Quanto sarebbe meglio, miei fiori appassiti,

piccole parti di me che lentamente decidono di accasciarsi,

seguirvi, verso i fitti sentieri del nulla,

seguirvi, come macchie di terra e impallidire con voi, piano piano […]

 

Di questa figura trasparente, questo simulacro di identità, il vero centro è il plesso solare lì dove si concentra il nodo delle emozioni e delle pulsioni dolorose; solo qui esiste il tocco costante e ripetuto di una presenza, l‘indizio della realtà. Ripartire da qui quindi, dalla patica accettazione del mondo e da qui provare una ricomposizione del tutto.

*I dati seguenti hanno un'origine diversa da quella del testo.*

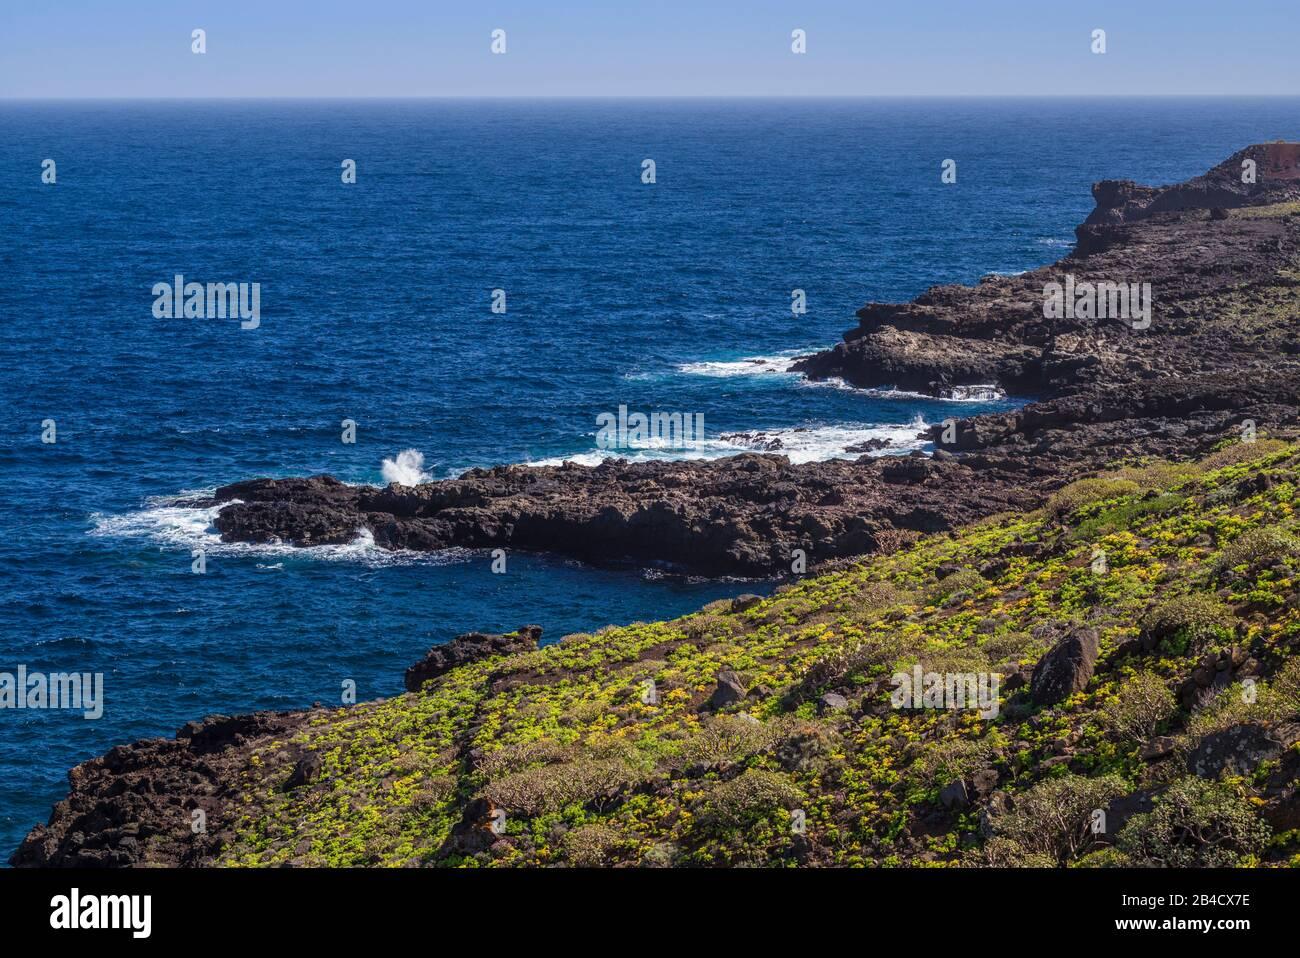 Spain, Canary Islands, El Hierro Island, Tamaduste, coastline Stock Photo

Questo programma minimo è reso con mirabile inventiva poetica nella poesia 30, quasi alla fine del percorso, con un testo che vale la pena citare integralmente:

 

Esiste un modo, uno, per uscire a riveder le stelle

se la materia si sfibra in atomi, se le cose

hanno perso la lucidità del cesello?

 

Non c’è denuncia peggiore

più crudele e legata agli alberi

di quella degli occhi, punture dell’aria

insetti come aghi sul frutto.

 

Ma se li stacchi dalle pareti, dai soffitti,

dalle teste impiccate sul vuoto

(se cerchi di imparare a non aver paura del tanto)

oh, come gli atomi già formano una specie di strada

che sbrana i molti sentieri, accorpa le inutilità:

 

di unicità abbiamo bisogno, di Tasso e non di Ariosto.